Purchase Agreement


This Domain Name Sale and Ownership Transfer Agreement (“Agreement”) is entered into between Daytona Domain (“Seller”), and (“Purchaser”), effective on the date of payment. This agreement sets forth all terms and conditions under which Seller agrees to sell and transfer to Purchaser all ownership rights in and to the domain name (“Domain Name”) including any and all trademark rights and attendant goodwill associated therewith.

Seller and the Purchaser hereby agree as follows:

Purchase Price. In consideration for payment of the purchase price, the sufficiency of which is hereby acknowledged (“Purchase Price”), paid by Purchaser to Seller, Seller hereby assigns, sells, transfers and conveys to Purchaser all of Seller’s right, title, and interest in and to the Domain Name. Payment will be made in US dollars.

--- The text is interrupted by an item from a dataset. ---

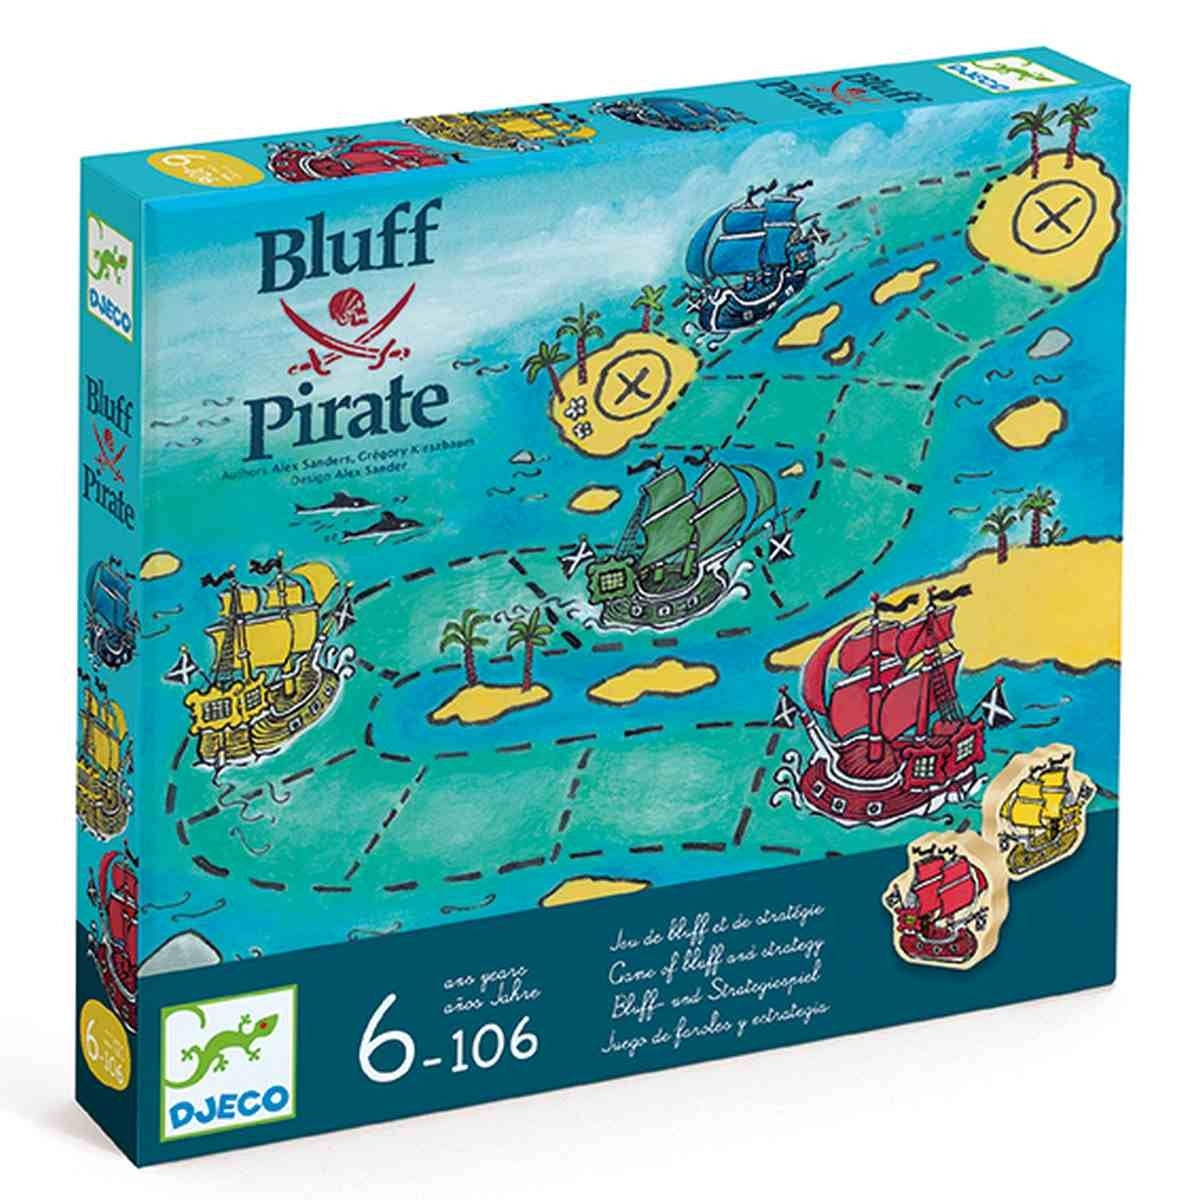 Brettspiel Bluff Pirate Stimmung und Bluff | Djeco

Seller’s Representations. Seller represents and warrants that it is the lawful and exclusive registrant of the Domain Name and no other party has any right to registration of the Domain Name or has otherwise made any claim to the Domain Name. Seller further represents and warrants that it has the exclusive authority to enter into this transaction and transfer the Domain Name, free of the claims of any third parties.

Transfer of the Domain Name. The Domain Name is registered with Google Domains, an ICANN accredited Registrar. Upon confirmation of receipt of Purchase Price, Seller shall send Purchaser the Transfer Code within 2 days of receiving payment. This enables Purchaser to transfer the Domain Name to a different Registrar, to take full control of the Domain Name. Seller shall contact Purchaser at the email address provided with the Purchaser’s PayPal account.

Further Assurances. Seller shall take all necessary actions, including providing all necessary documentation to Purchaser in order to transfer Domain Name to Purchaser.

Governing Law. This Agreement is made under and shall be governed by and interpreted in accordance with the laws of the State of Florida, County of Volusia, without regard to that state’s choice of law principles, which may direct the application of the laws of another jurisdiction.

Indemnity. The Purchaser agrees to indemnify and hold harmless the Seller, its officers and directors, employees and its affiliates and their respective successors and assigns and each other person, if any, who controls any thereof, against any loss, liability, claim, damage and expense whatsoever (including, but not limited to, any and all expenses whatsoever reasonably incurred in investigating, preparing or defending against any litigation commenced or threatened or any claim whatsoever) arising out of or based upon any false representation or warranty or breach or failure to comply with any covenant or agreement made herein or in any other document furnished in connection with this transaction.

Entire Agreement. This Agreement constitutes and contains the entire agreement between the parties with respect to the subject matter herein and supersedes any prior oral or written agreements. This Agreement cannot be changed, modified, amended, or supplemented, except in writing signed by all parties hereto.